[Opening Records for the exercise section]
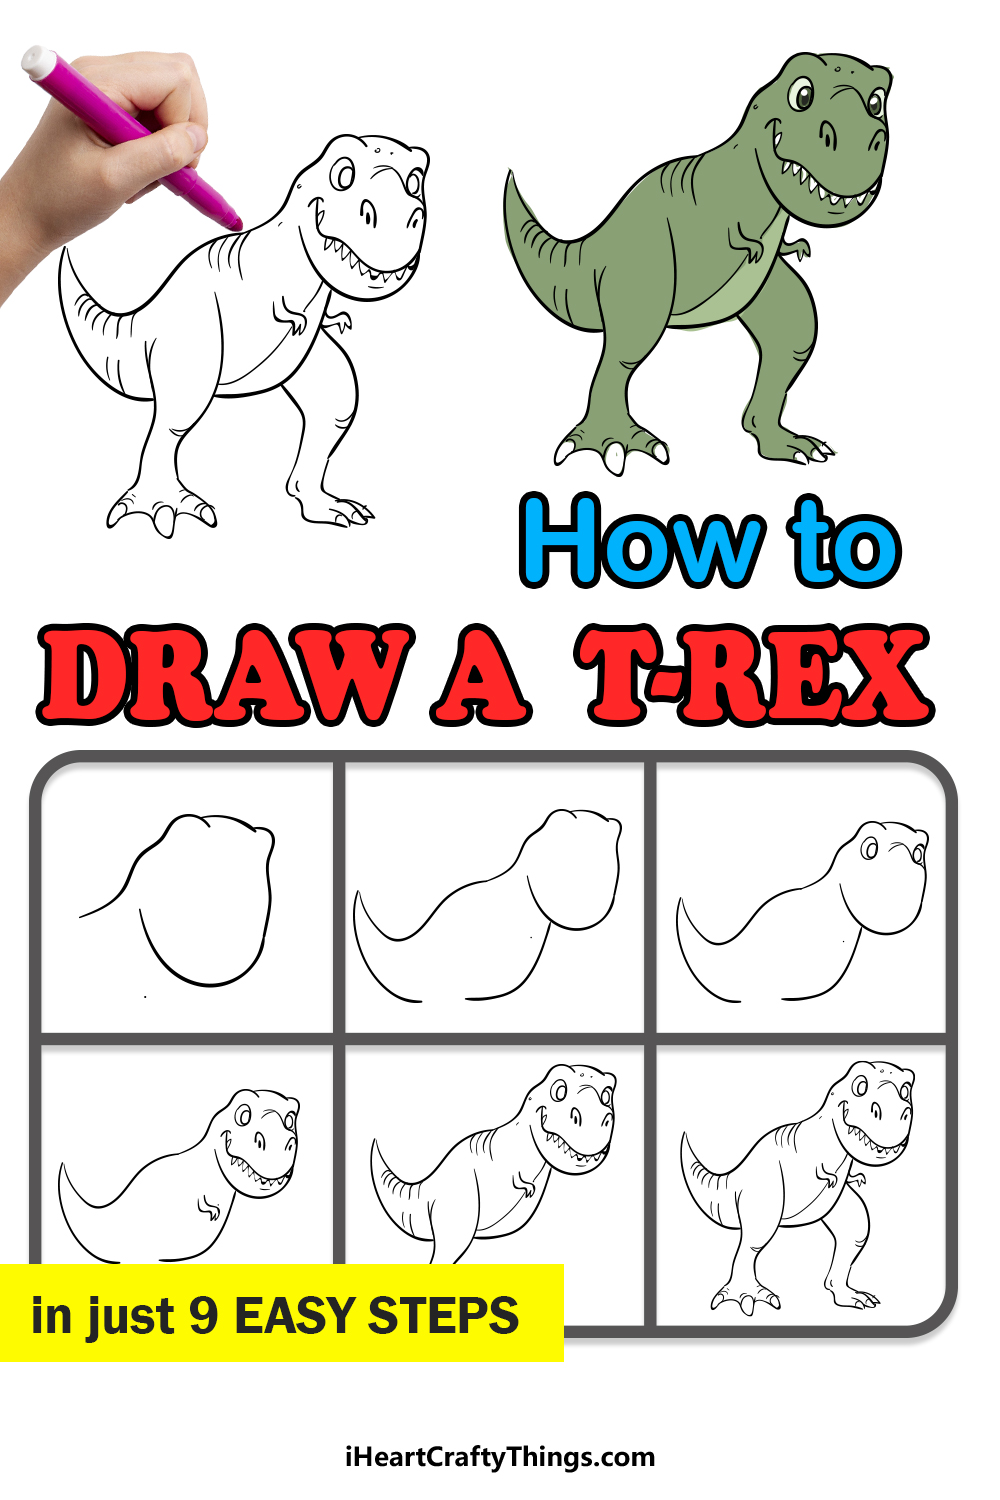 how to draw a t-rex in 9 easy steps
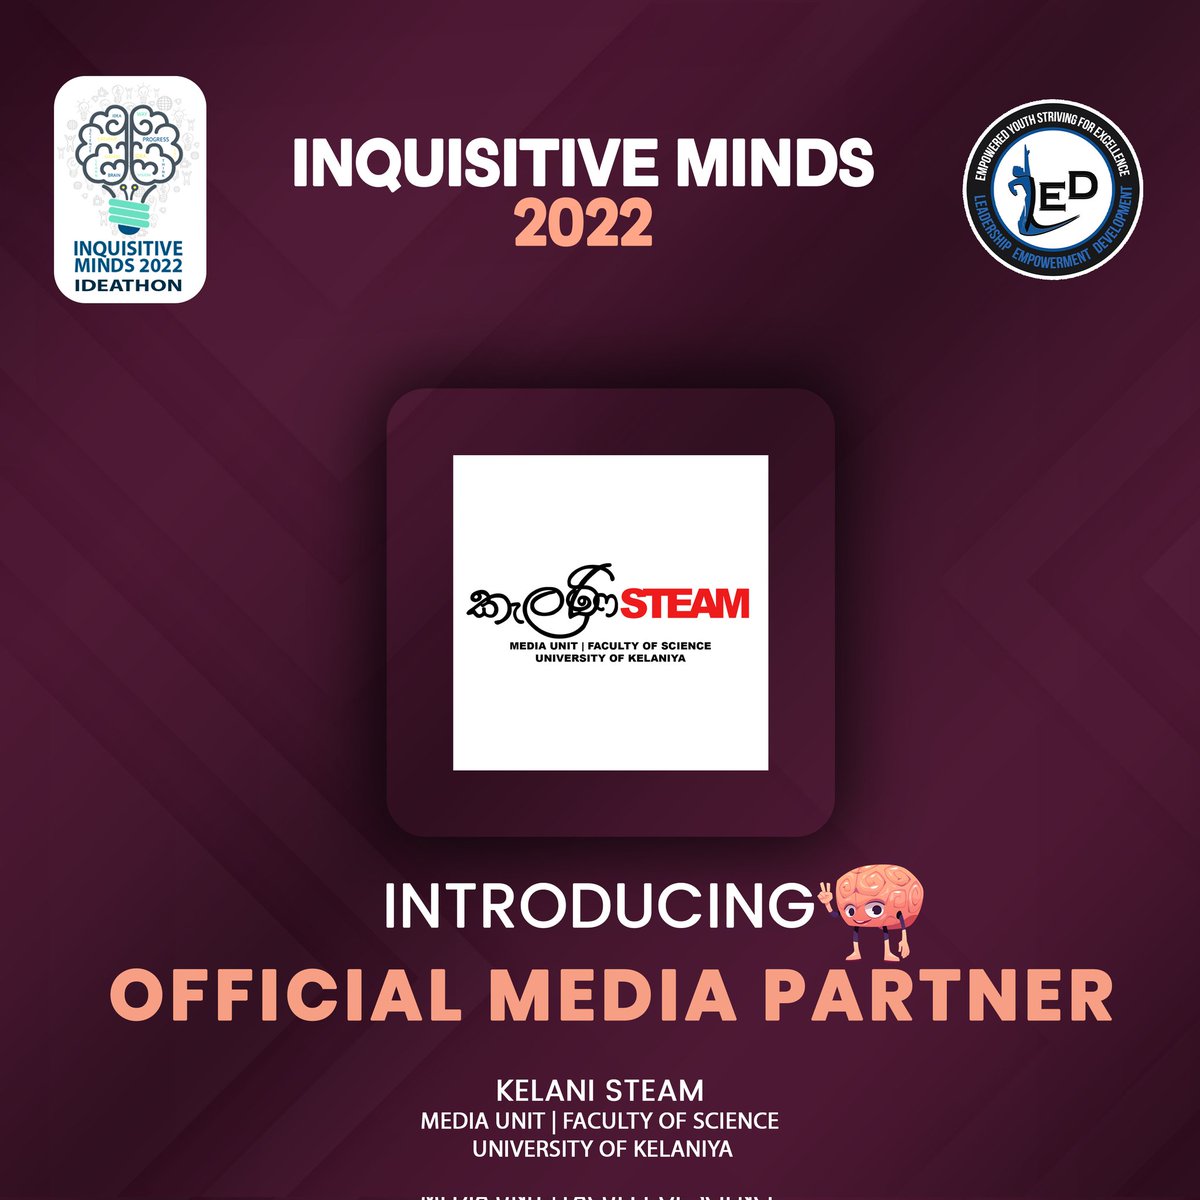 It is with great pride that we announce කැලණි STEAM as the Official Media Partner of Inquisitive Minds 2022 - Ideathon organized by LED KLN.

We are grateful for the opportunity to join hands with such a talented team for the success of our event.

#InquisitiveMinds_LEDKLN
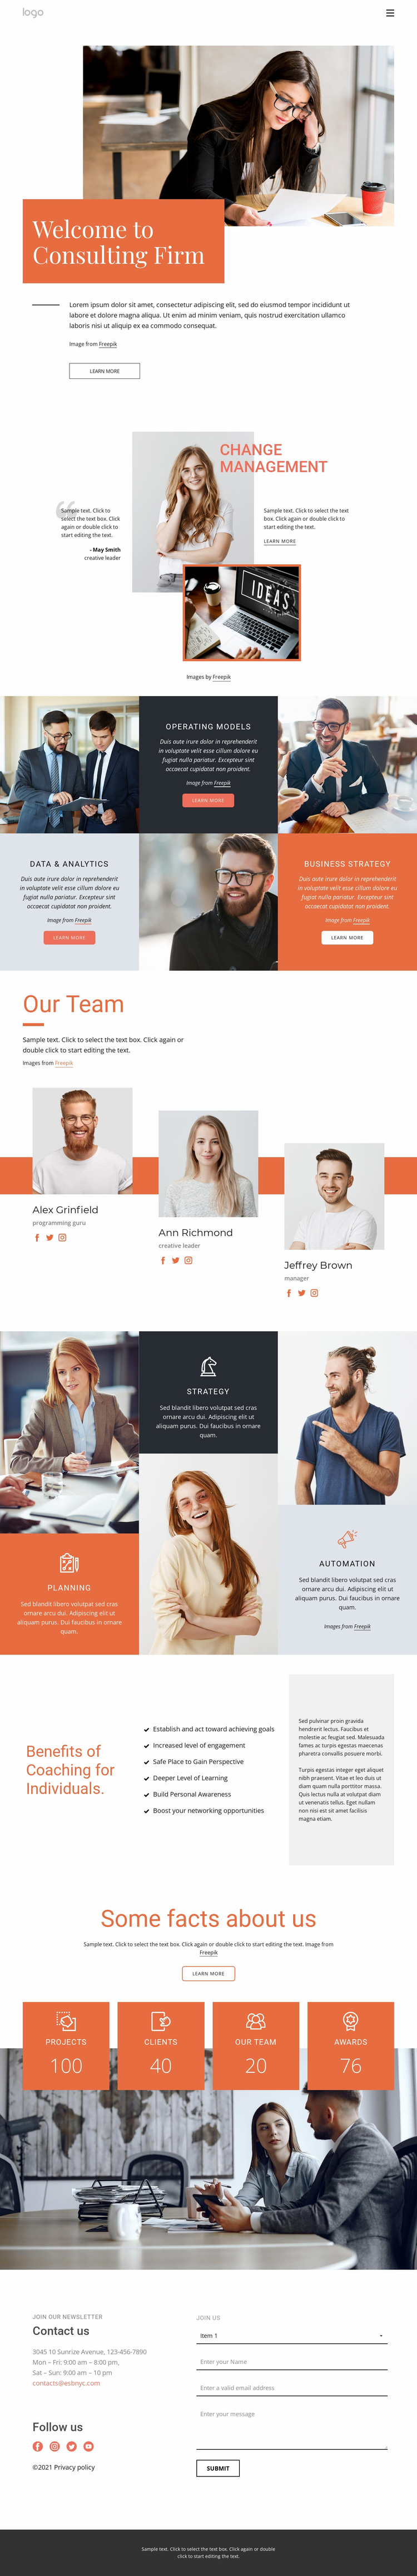 Consulting firm Landing Page
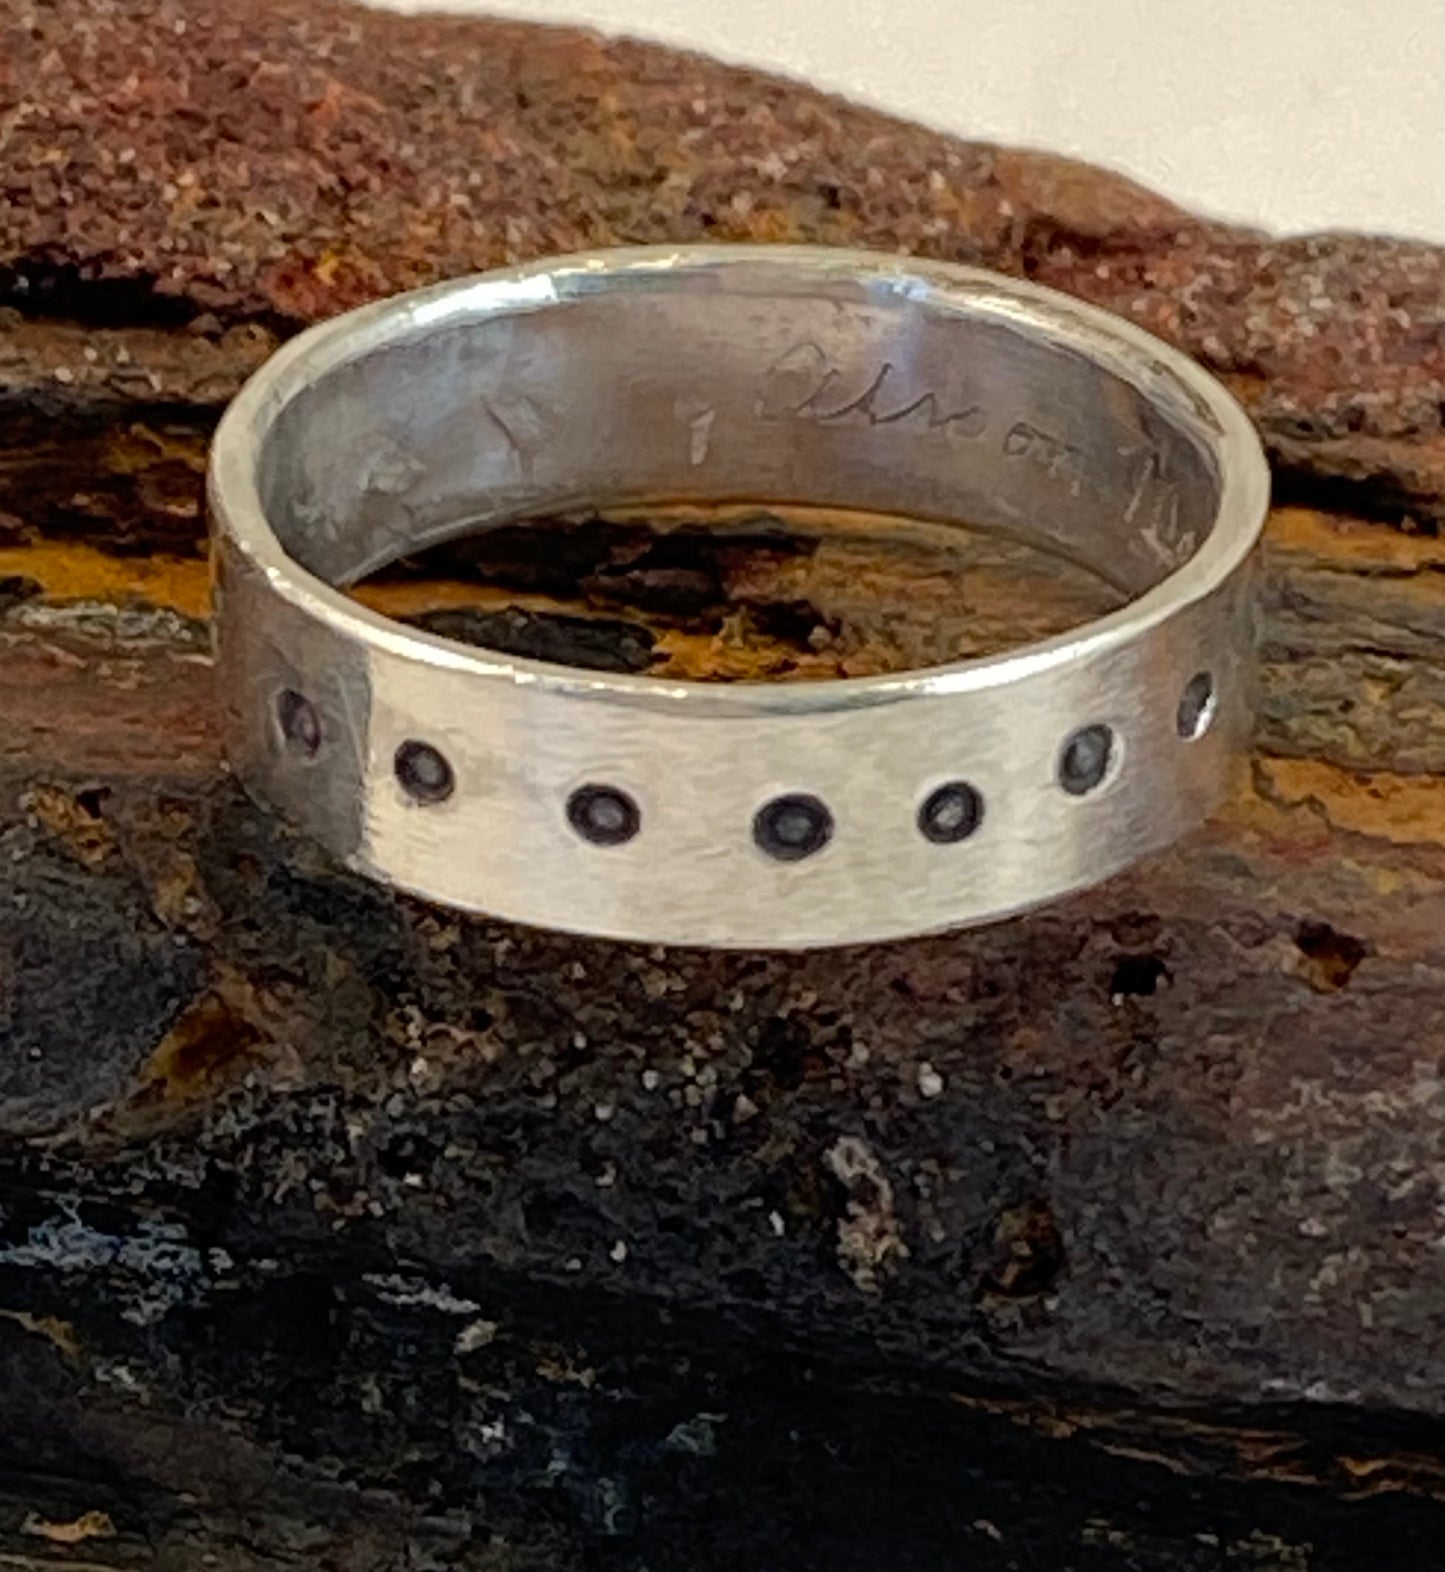 One-of-a-kind hand-crafted sterling silver "cigar band" ring. Band is adorned with an accent star, and with dots stamped around the ring. Ring size 8-1/4. Style: rustic, boho, funky, organic, earthy yet elegant.
[Closing Records for the exercise section]
Exercise → Take the entries above and set them down exactly, minus the pictures.

Task result →
 how to draw a t-rex in 9 easy steps
 It is with great pride that we announce කැලණි STEAM as the Official Media Partner of Inquisitive Minds 2022 - Ideathon organized by LED KLN.

We are grateful for the opportunity to join hands with such a talented team for the success of our event.

#InquisitiveMinds_LEDKLN
 Consulting firm Landing Page
 One-of-a-kind hand-crafted sterling silver "cigar band" ring. Band is adorned with an accent star, and with dots stamped around the ring. Ring size 8-1/4. Style: rustic, boho, funky, organic, earthy yet elegant.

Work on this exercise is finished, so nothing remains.